Being accosted and robbed of their cell phones and money and confrontations by drunk people. These are but a few of the realities that learners from Klapmuts who travelled to school in Paarl by mini-bus taxi and train were exposed to.
But since the introduction of a new bus service, 280 learners can now travel to school in safety.
Caption: Some of the Klapmuts learners who can now travel to school in safety. They are holding Cllr Sophie Louw (Local Economic Development). The learners are (from left): Jeimicklynne Alexander, Brydgette Abrahams, Johanna Kroutz (a parent), Carlene Kroutz, Kaylene Alexander, Carrey-Ann Jacobs, Ryan Alexander and (in front) Des-Lee Hartzenberg and Bronwyn Marang.
“I cannot explain the sense of relief I feel now,” says parent Amanda Borens, a cleaner working at the Greater Stellenbosch Municipality. “I used to be tense all day waiting for my daughter, Nicole (13), to come home by taxi. Sometimes she arrived hours late because the mini-bus taxi was not on time.”
Nicole, a learner at Klein Nederburg Secondary School in Paarl says she was often late for school. “I do not like being late because it wastes education time,” she says. “We would often wait for the taxi early in the morning while it was still dark. It was horrible when it did not arrive.”
The bus service was introduced early in June after three years of hard work by Stellenbosch councillors Sophie Louw (Local Economic Development) and Aldridge Frazenburg (Community Services).
“I am also a mother and although my children are grown up, I know how worried parents are when they think their children are exposed to dangerous situations,” says Louw.
“Some of the learners who travelled from Klapmuts to Paarl by train, had to walk three to four kilometers to get to the station. And in Paarl they had to walk from the station to their school. Some of the children were robbed of their cell phones and money on the way. Many of the learners would arrive at the Paarl station and decide it was too much effort to walk further and they would then just spend the day at the station or walk around town. With the bus service the learners get dropped right in front of their different schools. In general it is a much safer situation.”

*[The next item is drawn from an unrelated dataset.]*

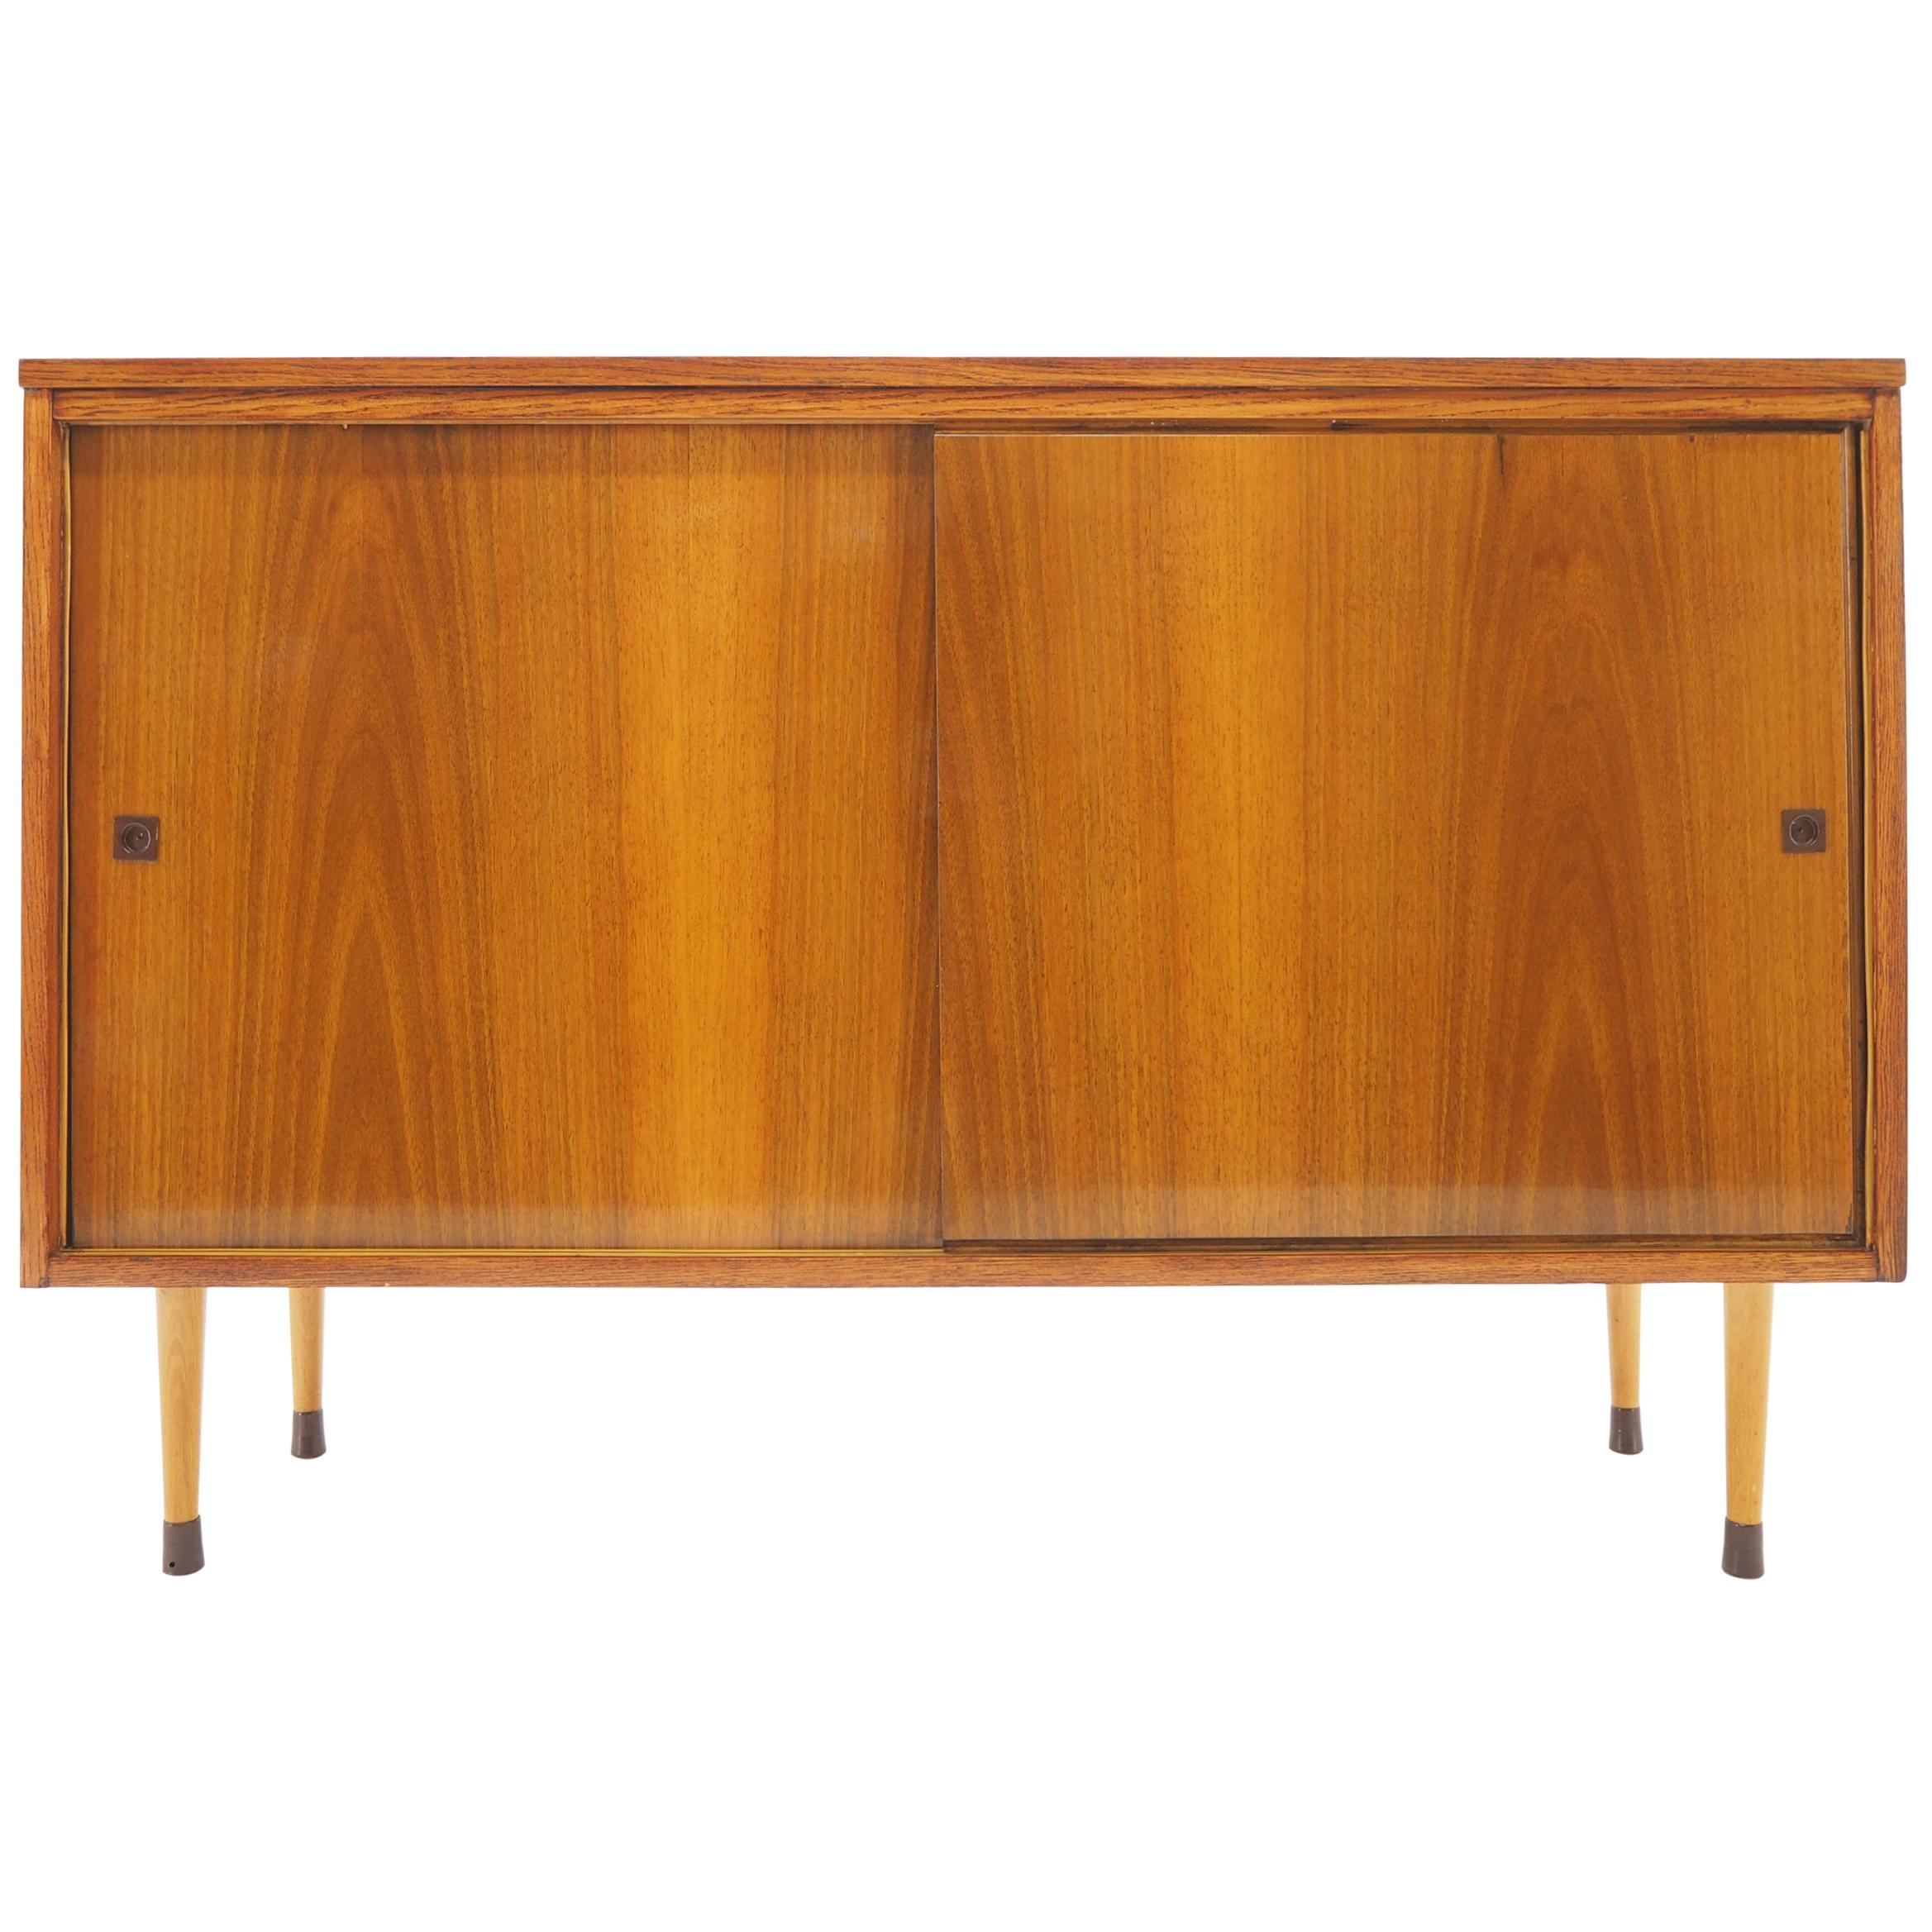 Midcentury Sideboard, Czechoslovakia, 1960s

Conrad Sidego, Executive Mayor of Stellenbosch says: “No child should be exposed to this kind of danger. Our aim is to help the people of the greater Stellenbosch to live with dignity and to create a safe environment. As the innovation capital we continuously strive to find practical solutions to problems and this initiative helps to keep our children safe.”

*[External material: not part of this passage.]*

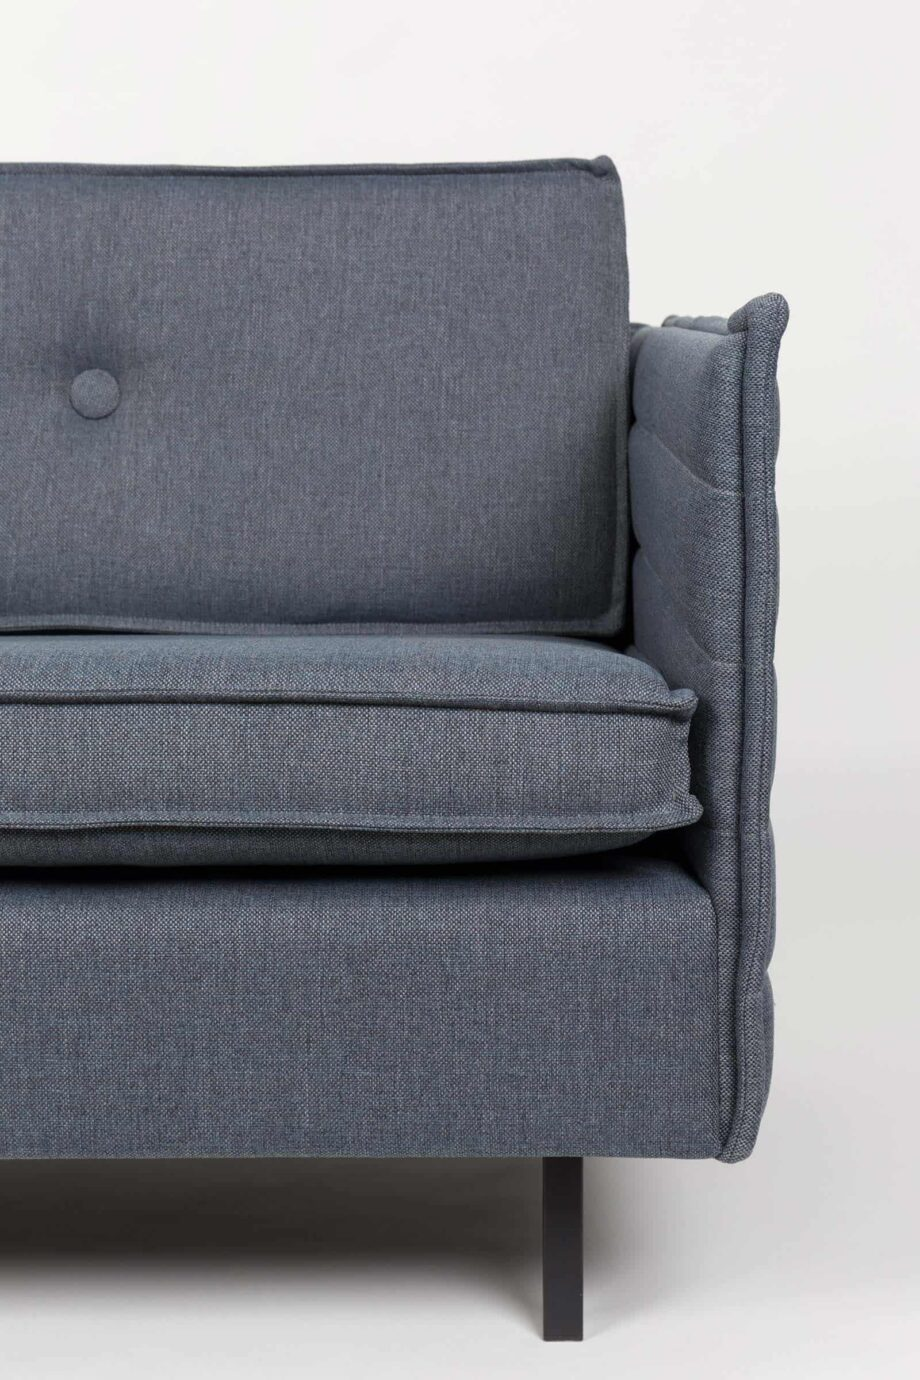 Jaey sofa 2,5 Zuiver grijs blauw 81

Six buses daily transport 280 children.
Mr Mervyn Alexander, father of Jeimicklynne (13), lives near the Klapmuts station. He says he often witnessed groups of children from different schools fighting.
“Once a stone they threw at each other smashed through one of my windows. Although Jeimicklynne did not travel by train but by taxi, she also had to walk far and was exposed to a number of dangers. One of her friends was attacked and robbed of her cell phone. It is terrible to worry about your child all the time.”
Some of the learners walked through gangster controlled areas and they were sometimes confronted by intoxicated visitors to the shebeens.
A number of learners said they are thankful that their parents no longer have to pay for transport which cost an average of R480 per child. The tab is now picked up by the Provincial Government.